Allo stesso modo non riesco a condividere, nemmeno dopo anni di confronti con altri fans, la visione che Hutton dà della figura di Mary Austin. A sua volta anche Mary è un personaggio oscuro, non avendo mai voluto calcare una ribalta che era lì, davvero a portata di mano. Mary avrebbe potuto scrivere libri, rilasciare interviste e vivere contornata da mille telecamere. Invece ha preferito mantenere un atteggiamento che è, in una parola, di grande rispetto per Freddie. 

Se da una parte i Queen non potevano (né possono ancora oggi) esimersi dal raccontare il compagno e celebrarne la musica, Mary ha avuto di fronte a sé una scelta e credo sia doveroso riconoscerle il merito di non aver abuso del proprio ruolo. Ma Jim non è tenero con lei e nel suo libro la dipinge come una sorta di “strega” (il termine è mio) che coglie l'occasione di sbarazzarsi dello stesso Hutton e di altri collaboratori e amici di Freddie per diventare l'unica depositaria delle sue proprietà, negando secondo l'interpretazione di Hutton, un riconoscimento doveroso a chi è stato fino all'ultimo istante fedele amico e compagno del cantante.

Una visione di parte si diceva che, in quanto tale, può essere accolta dal lettore oppure rigettata a seconda della propria sensibilità. Tuttavia Jim tralascia un dettaglio a mio avviso essenziale: le ultime volontà di Freddie. 

Il testamento redatto con l'assistenza di Jim Beach è un atto pubblico, che circola in rete da anni ed è quindi accessibile a tutti. In esso sono contenute le disposizioni volute da Freddie per amici, famigliari e collaboratori e non è possibile confutarne in alcun modo le determinazioni. 

Un testamento non è un documento come tanti altri, ma rappresenta un momento di immenso dolore per chi lo scrive. Pur avendolo scritto con l'ausilio tecnico di Beach (che è, ve lo ricordo, un avvocato) è in ogni caso un atto solitario, attraverso il quale Freddie ha fatto i conti con se stesso, richiamando alla memoria persone, ruoli e affetti e sancendo per ognuno una precisa volontà. Non so se lo si possa definire l'ultimo atto d'amore, del resto si parla di case, denaro e diritti d'autore, ma rappresentano il pensiero di Freddie Mercury. 

Può non piacere, può generare risentimento, ma va accettato. Ecco, l'errore di Jim sta in questo, nel non essere stato capace di accettare, forse perché le aspettative, morali più che materiali, erano superiori rispetto a quanto Freddie effettivamente desiderava per chi gli stava attorno, anche se è innegabile che nel suo testamento è stato davvero generoso con molti, Hutton compreso.

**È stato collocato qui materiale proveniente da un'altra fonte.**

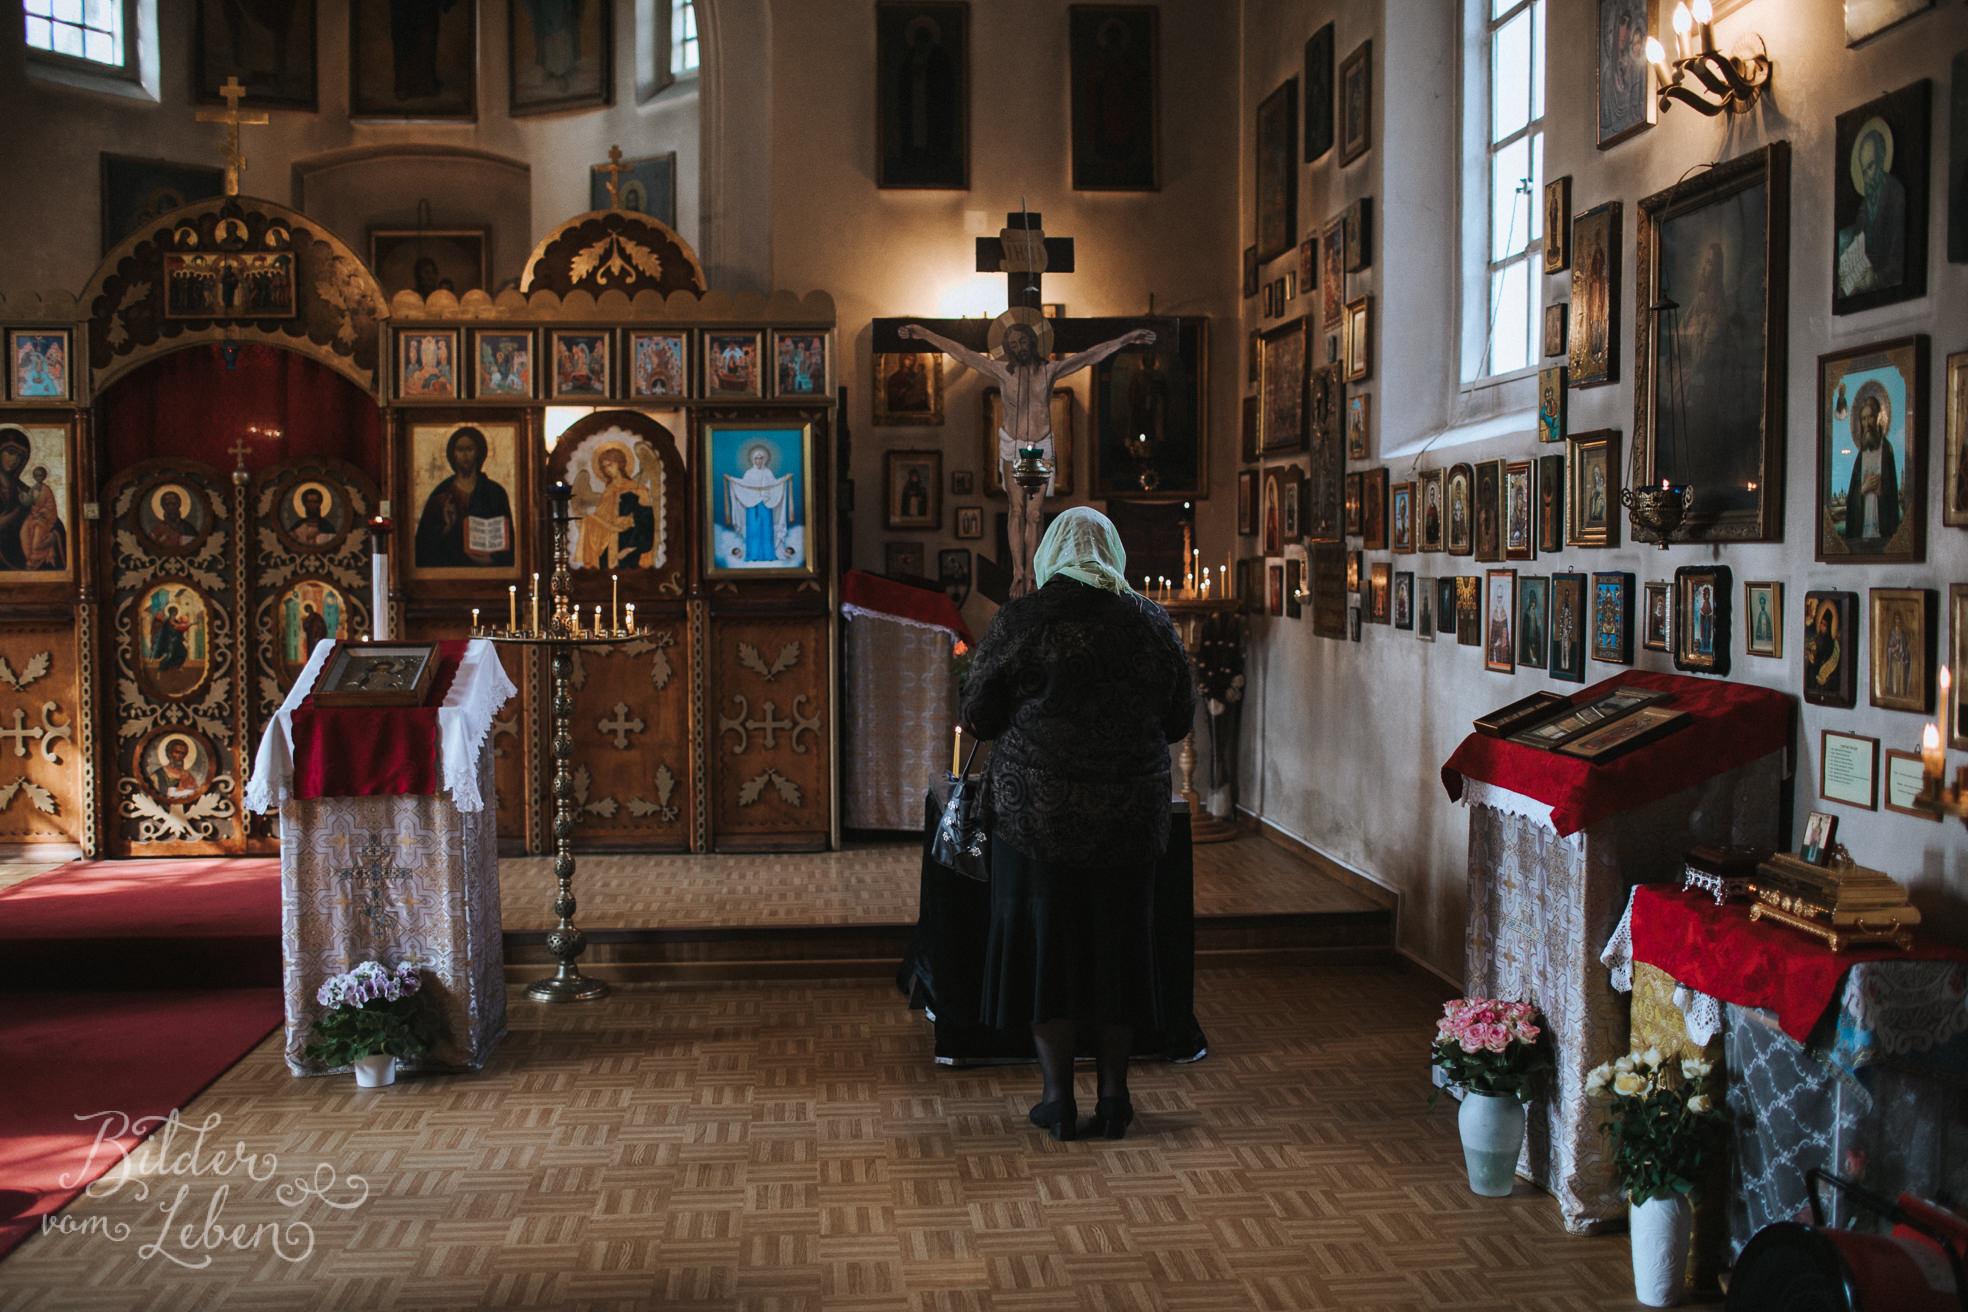 32-Russisch-orthodoxe-taufe-regensburg-mila-IM3C4889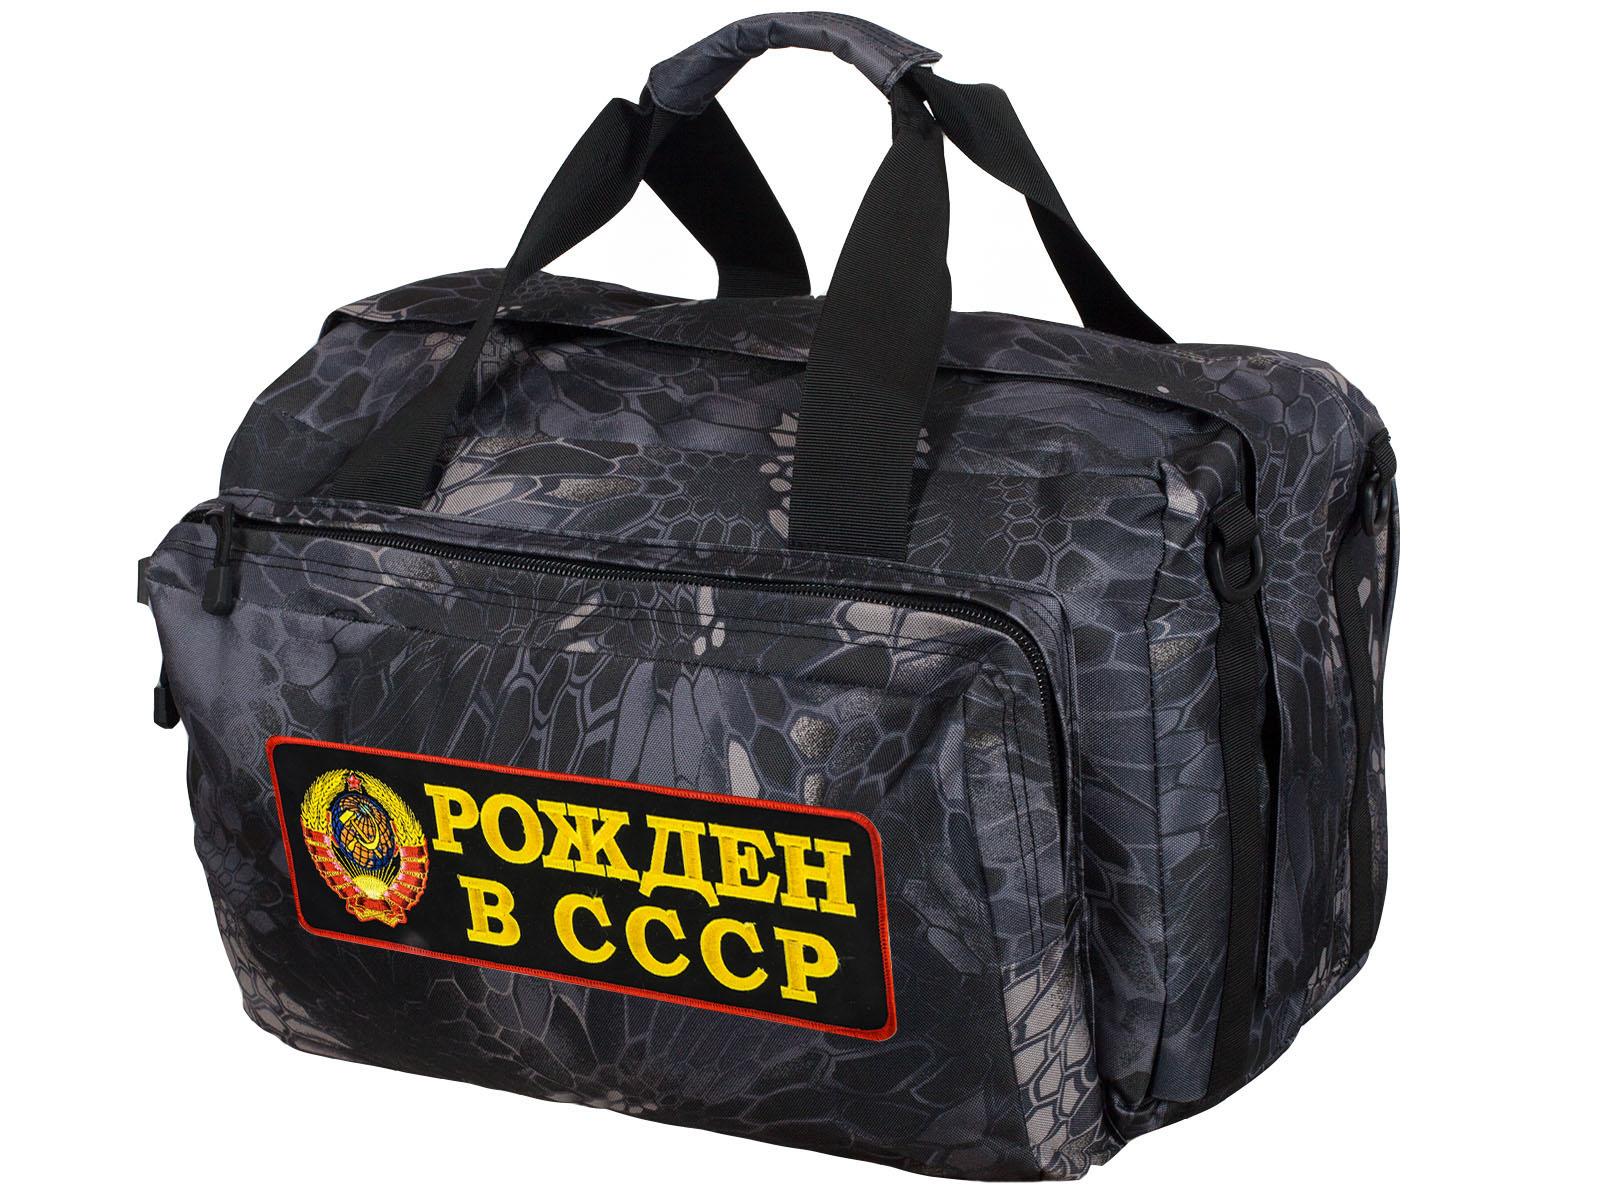 Заплечная дорожная сумка с нашивкой Рожден в СССР - купить онлайн

Cosa rimane dalla lettura di questo libro? C'è anzitutto da intendersi su cosa un fan voglia (e debba) conoscere del proprio artista preferito. Conta solamente la musica o è necessario conoscere anche l'intimità di Freddie, ciò che pensava, tutti gli sbagli o anche le cose belle che ha fatto in vita e che per anni sono rimaste nella sfera privata dell'artista? 

Tante domande, poche le risposte perché, ancora una volta, siamo nel campo della soggettività. Eppure, tutte le volte che metto su un disco dei Queen, ogni volta che la voce di Freddie si diffonde e riverbera nell'aria, sento di non aver bisogno di nient'altro che questo. 

Non servono le parole, i racconti, le spiegazioni e i punti di vista. Brian May ha detto: “Freddie era un cantante di canzoni e un'amante della vita”. È una frase potente perché riassume perfettamente ciò che Freddie voleva essere per tutti noi, che siamo quelli che stanno da questa parte del palco, all'ora come oggi.